Multi-turn Conversation

response = client.responses.create(
    model="gpt-4.1",
    input=[
        {"role": "user", "content": "What is Python?"},
        {"role": "assistant", "content": "Python is a high-level programming language..."},
        {"role": "user", "content": "How do I install it?"}
    ]
)

With Instructions

Use instructions to provide high-level guidance for model behavior:

response = client.responses.create(
    model="gpt-4.1",
    instructions="You are a helpful coding assistant.

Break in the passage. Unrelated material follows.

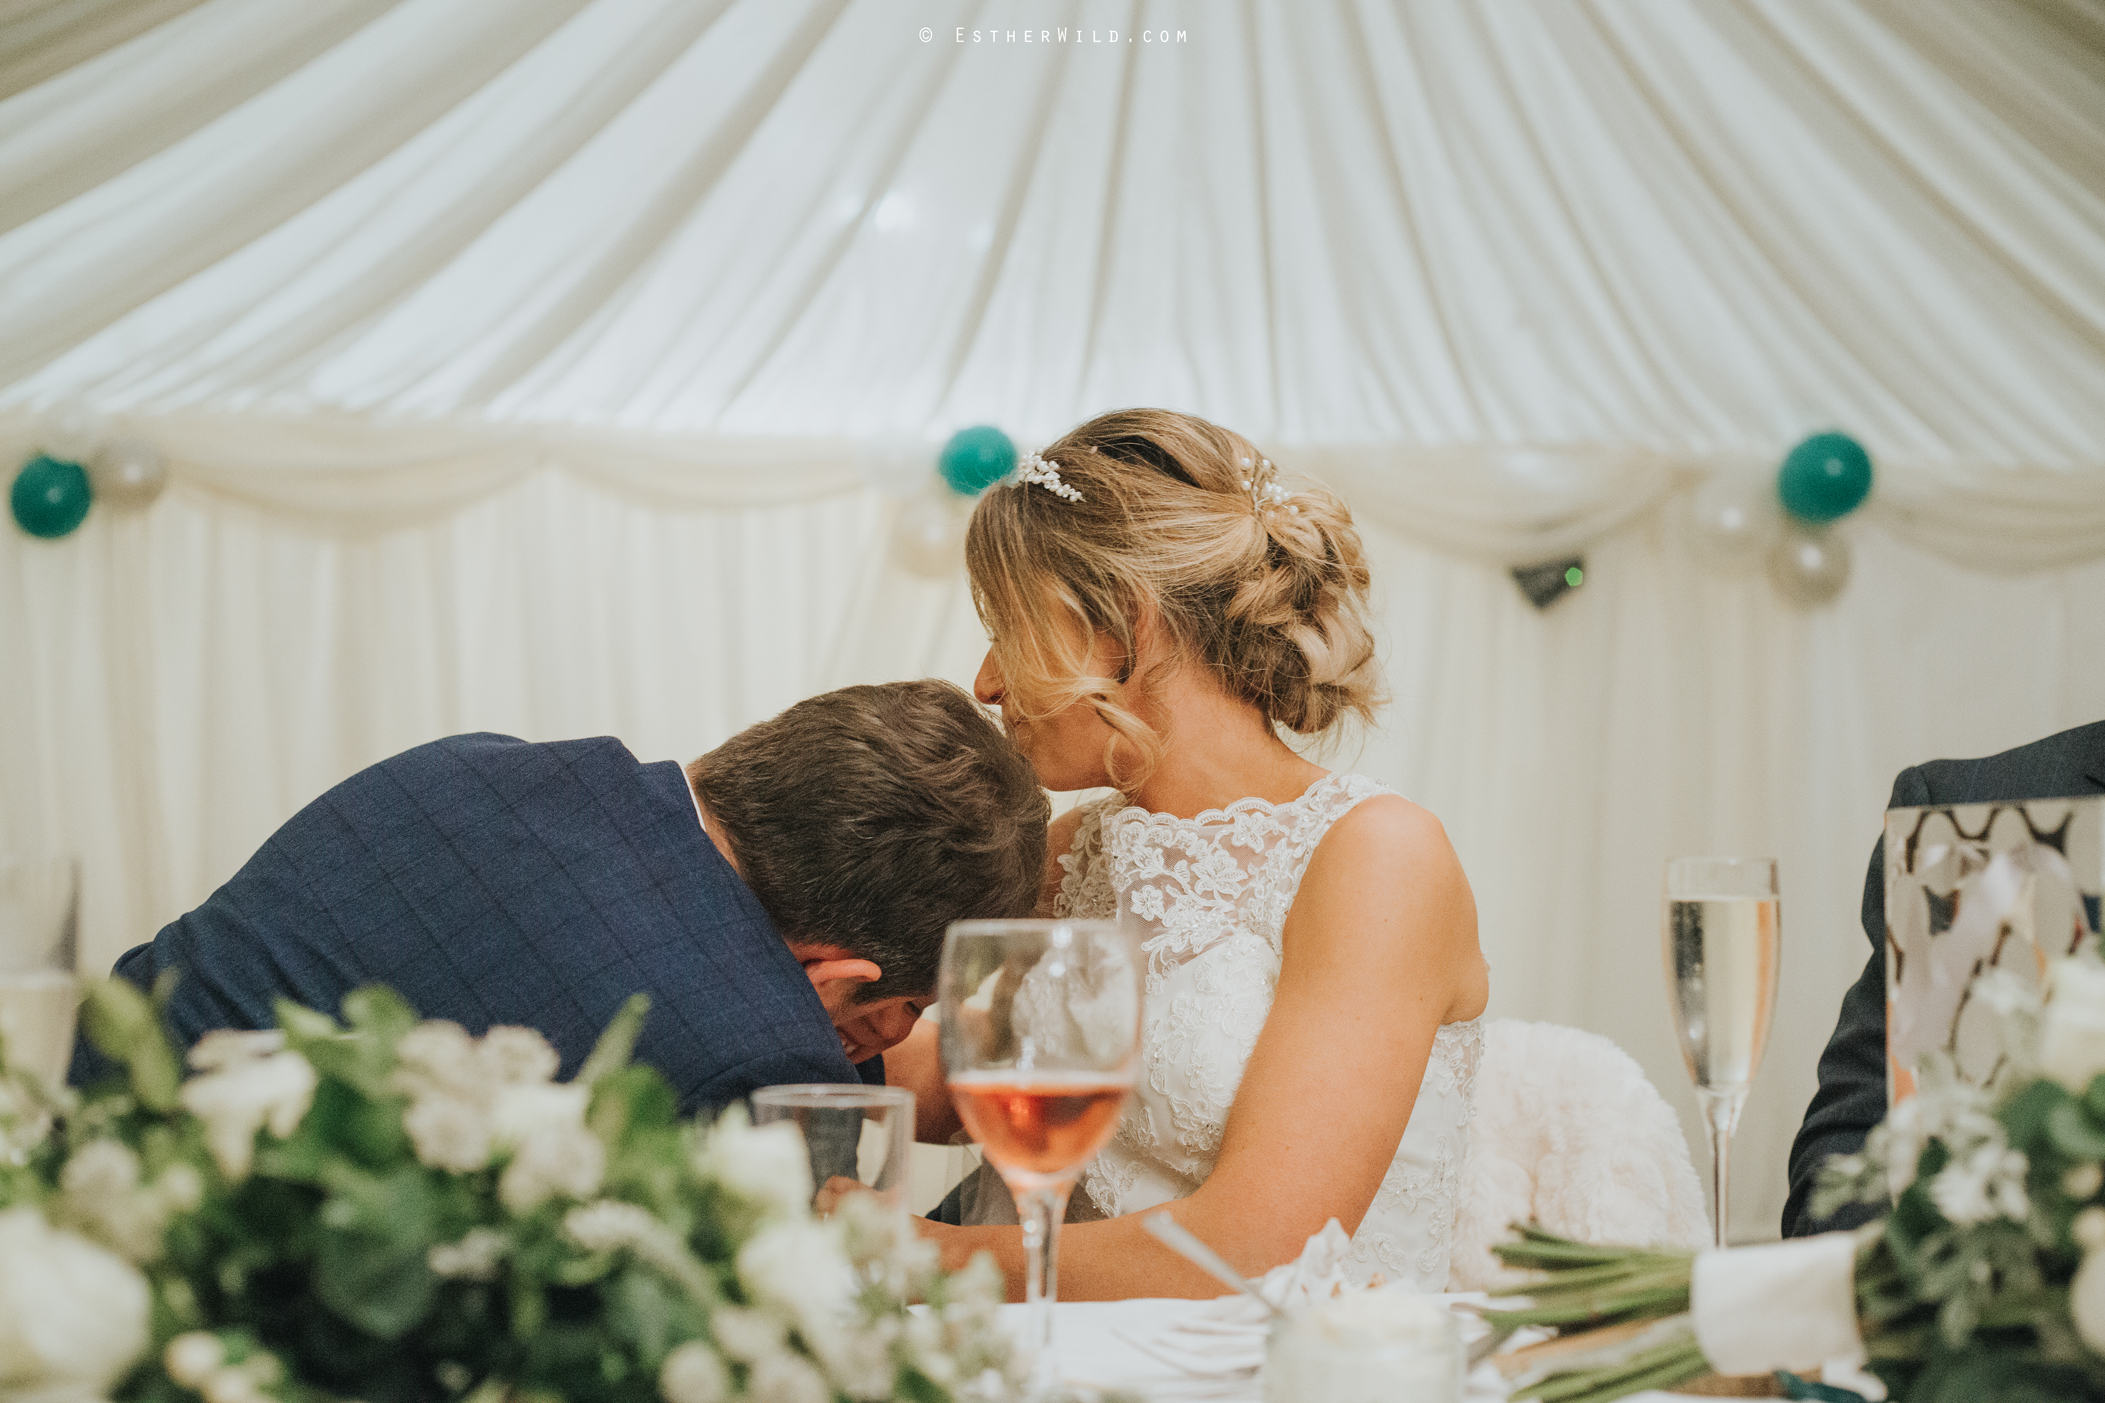 Wedding_Photography_Diss_Gawdy_Hall_Redenhall_Church_Norfolk_Winter_Esther_Wild_Copyright_IMG_2112_IMGL1743.jpg

Always provide code examples.",
    input="How do I read a file in Python?"
)

Stateful Conversations

Use store and previous_response_id for multi-turn conversations with state:

# First request - store the response
response1 = client.responses.create(
    model="gpt-4.1",
    input="My name is Alice.",
    store=True
)

# Follow-up request - reference the previous response
response2 = client.responses.create(
    model="gpt-4.1",
    input="What's my name?",
    previous_response_id=response1.id
)

With Function Calling

tools = [
    {
        "type": "function",
        "function": {
            "name": "get_weather",
            "description": "Get the current weather",
            "parameters": {
                "type": "object",
                "properties": {
                    "location": {"type": "string"}
                },
                "required": ["location"]
            }
        }
    }
]

response = client.responses.create(
    model="gpt-4.1",
    input="What's the weather in Tokyo?",
    tools=tools,
    tool_choice="auto"
)

Response Format

{
  "id": "resp_abc123",
  "object": "response",
  "created_at": 1699000000,
  "model": "gpt-4.1",
  "output": [
    {
      "type": "message",
      "role": "assistant",
      "content": [
        {
          "type": "output_text",
          "text": "The capital of France is Paris."
        }
      ]
    }
  ],
  "usage": {
    "input_tokens": 12,
    "output_tokens": 8,
    "total_tokens": 20
  }
}

Supported Models

All chat models available through Apertis are supported with the Responses API. The API intelligently routes requests based on model capabilities:

Models with Native /v1/responses Support

These models natively support the Responses API format on upstream providers:

Model Series	Examples
o1 Series	`o1`, `o1-preview`, `o4-mini`, `o1-2024-12-17`
o3 Series	`o3`, `o3-mini`, `o3-2025-04-16`
o4 Series	`o4-mini`, `o4-mini-2025-04-16`
GPT-5 Series	`gpt-5`, `gpt-5.1`, `gpt-5.2`, `gpt-5-*`
Codex Models	`gpt-5-codex`, `gpt-5-codex-*`

Responses-Only Models

Some advanced models only support the /v1/responses endpoint and cannot be used with /v1/chat/completions or /v1/messages:

Model	Description
`gpt-5-pro`	GPT-5 Pro variant
`gpt-5-chat-latest`	Latest GPT-5 chat model
`gpt-5-mini`	GPT-5 Mini
`gpt-5-nano`	GPT-5 Nano
`gpt-5-codex-*`	GPT-5 Codex variants
`o1-pro`	O1 Pro
`codex-mini`	Codex Mini

Responses-Only Models

When using responses-only models, you must use the /v1/responses endpoint. Requests to /v1/chat/completions or /v1/messages will return an error for these models.

All Other Models

For models that don't natively support /v1/responses (like Claude, Gemini, GPT-4o, etc.), Apertis automatically:

Routes the request via /v1/chat/completions internally
Converts the response back to Responses API format
Returns the response in the expected format

This means you can use any model with the Responses API - the conversion is handled transparently.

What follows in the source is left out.